12/16/2005 12:00 am EST

Focus:

Jon Markman

Editor, Trader's Advantage

"If there is one corner of the economy that has really taken flight in the past six months, it is the aircraft assembly business," notes Jon Markman, editor of the exceptional swing trading service, StockTactics Advisor. Here, he looks at a "swing trade" in the sector.

"The recent US durable-goods report showed that manufacturing of all big-ticket items jumped 3.4% in October, but that number would have been far more paltry had it not been for a stunning 50.4% leap in civilian aircraft orders. This was mostly new orders from world airlines for the newest planes from Boeing, a company whose stock continues to gather strength. But let's not get picky. When a single niche of the vast US economy shows that kind of growth, it is seen in ways you might not expect.

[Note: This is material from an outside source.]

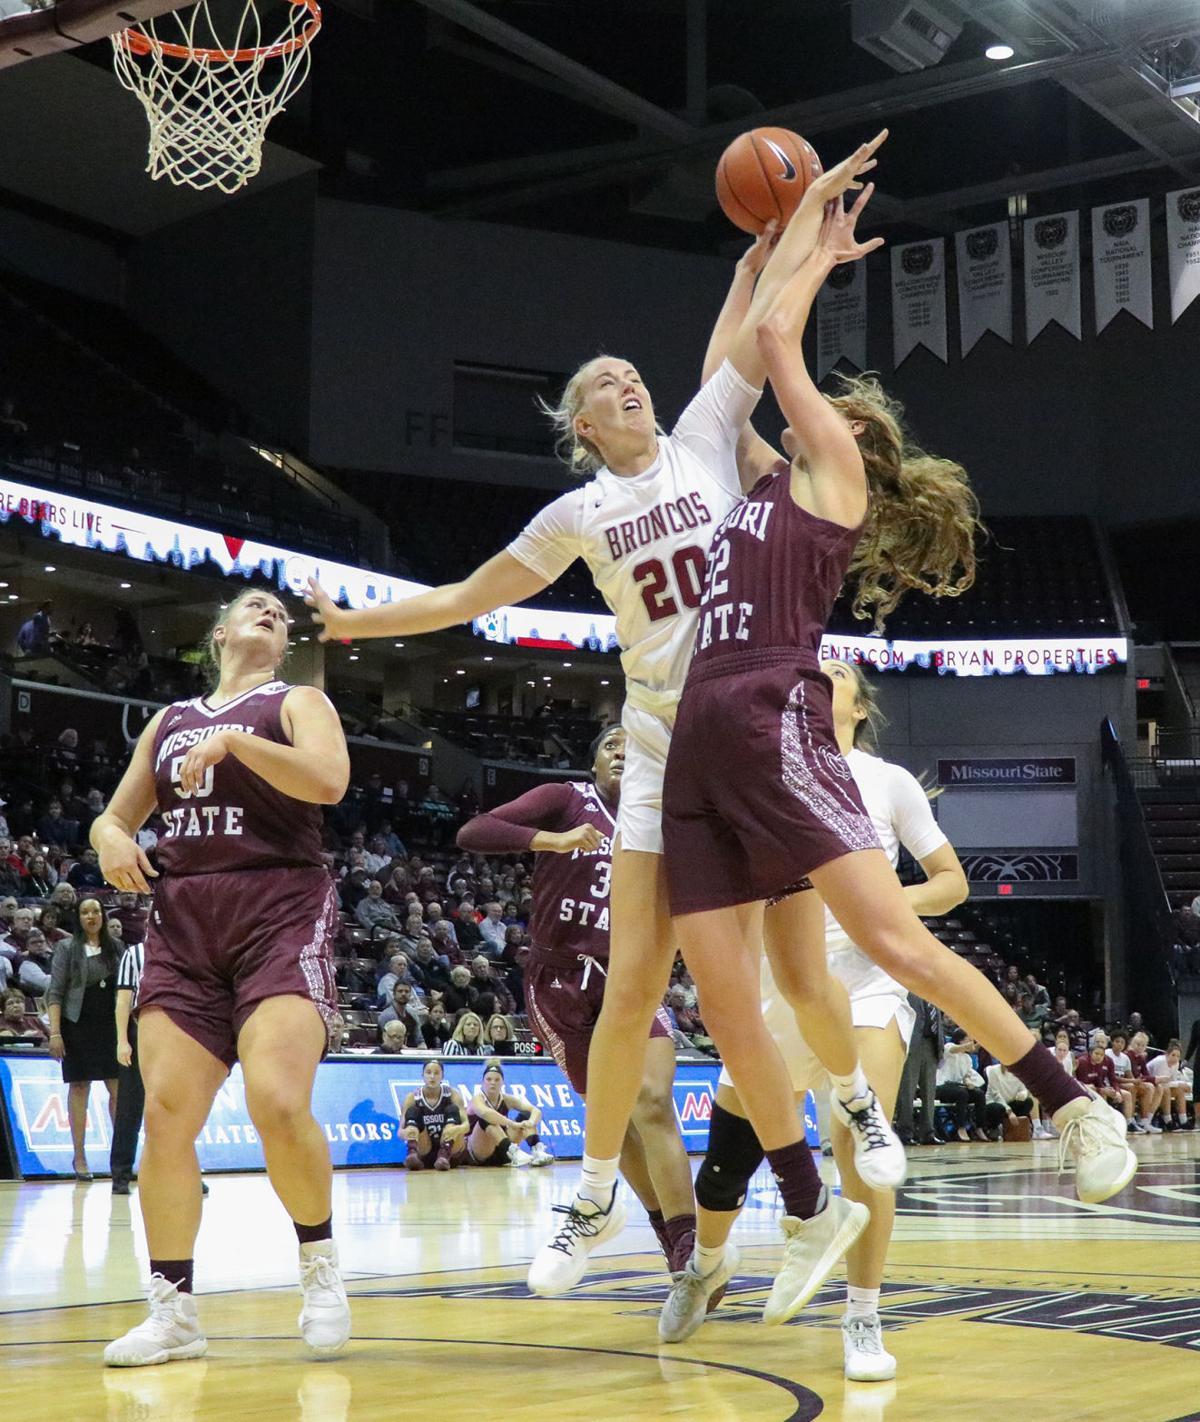 Alexa Willard leaps to throw the ball

"There are many larger cap beneficiaries of this trend. But there are also many smaller beneficiaries, such as AAR Corp. (AIR NYSE), a $690 million company that provides maintenance and supply-chain assistance to commercial and military clients and makes pallets and other transportation materials for military commands. AAR is a pretty interesting outfit. It recently scored a number of big aircraft maintenance outsourcing and supply-chain management wins that have led analysts to repeatedly lift estimates.

"After getting crushed in the post-9/11 rout of anything to do with the aircraft industry - sinking from the $17.50 area in early 2001 to $2.95 by late 2002 – the stock has rebounded dramatically of late. At the start of November, shares jumped 25% to a new two-year high on solid volume, and they have only in the past couple of days slowed down. This is not just some flash-in-the-pan momentum move. The stock is cheap by almost any metric, with price/earnings and price/sales multiples well below those of industry peers and its own estimated forward growth rate.

"And the news flow has been very positive, with recent wins including a pallet contract for the US Air Force, reconfiguration of 737-300/500s for ATA Airlines and a Royal Air Force AWACS, a couple of contracts with Mesa Air for supply-chain help, component assistance for BAE Systems and success with its new and refurbished jet engine sales and commercial jet leasing arms.

"As analyst Arnold Ursaner of CJS Securities noted, most of these contracts will gun revenue for five to 10 years, providing unusual earnings visibility for investors. Ursaner noted that since much of the new work will simply leverage existing overhead, gross margins are likely to get a big boost. He said commercial revenue is up 25% year over year, military revenue is up 16%, and certain segments - such as maintenance, repair, and overhaul - are poised to provide 50% growth next year and 20%-plus after that.

"Like many companies, AAR is looking for growth in Asia. It opened sales offices in Tokyo and Shanghai recently with an eye toward providing airline and military operations there with its supply-chain, component distribution and maintenance expertise. Ursaner notes that China's main airline isn't much bigger than Delta Airlines, and that more air travel is likely to develop between its many underserved major cities -- especially going into the 2008 Olympic Games.

"Back at home, the company was chosen by United Airlines to be its exclusive maintenance provider for 737 aircraft. That will all be done at AAR's new Indianapolis facility. A few weeks ago, Sidoti & Co. analyst Tyler Hojo lifted his price target for the company to $26, about 30% higher than the current price, as he raised 2006 and 2007 estimates to 82 cents and $1.46, respectively, from 74 cents and $1.05. That's a big jump. Despite expectations of strong growth, he's only modeling a 2007 P/E multiple of 18, so if the company comes to deserve a multiple in the 22 range, then the target would be more like $32.

"SG Cowen analyst Jay Khetani concurs with those targets, going as far as to estimate $2 in earnings per share in 2008. He believes there is a sizable secular shift underway as airlines and the military try to cut costs by outsourcing their maintenance and supply-chain work. That's the kind of long-term upside that turns heads, as it apparently did for AAR Vice President James McDonald, who bought 6,000 shares on the open market in mid-October at $15.49. He turned a nice 30% profit in a month and a half, but his flight is probably not even half over. Late-coming traders may wish to wait for shares to come back and test their breakout at $18.50 before taking a seat."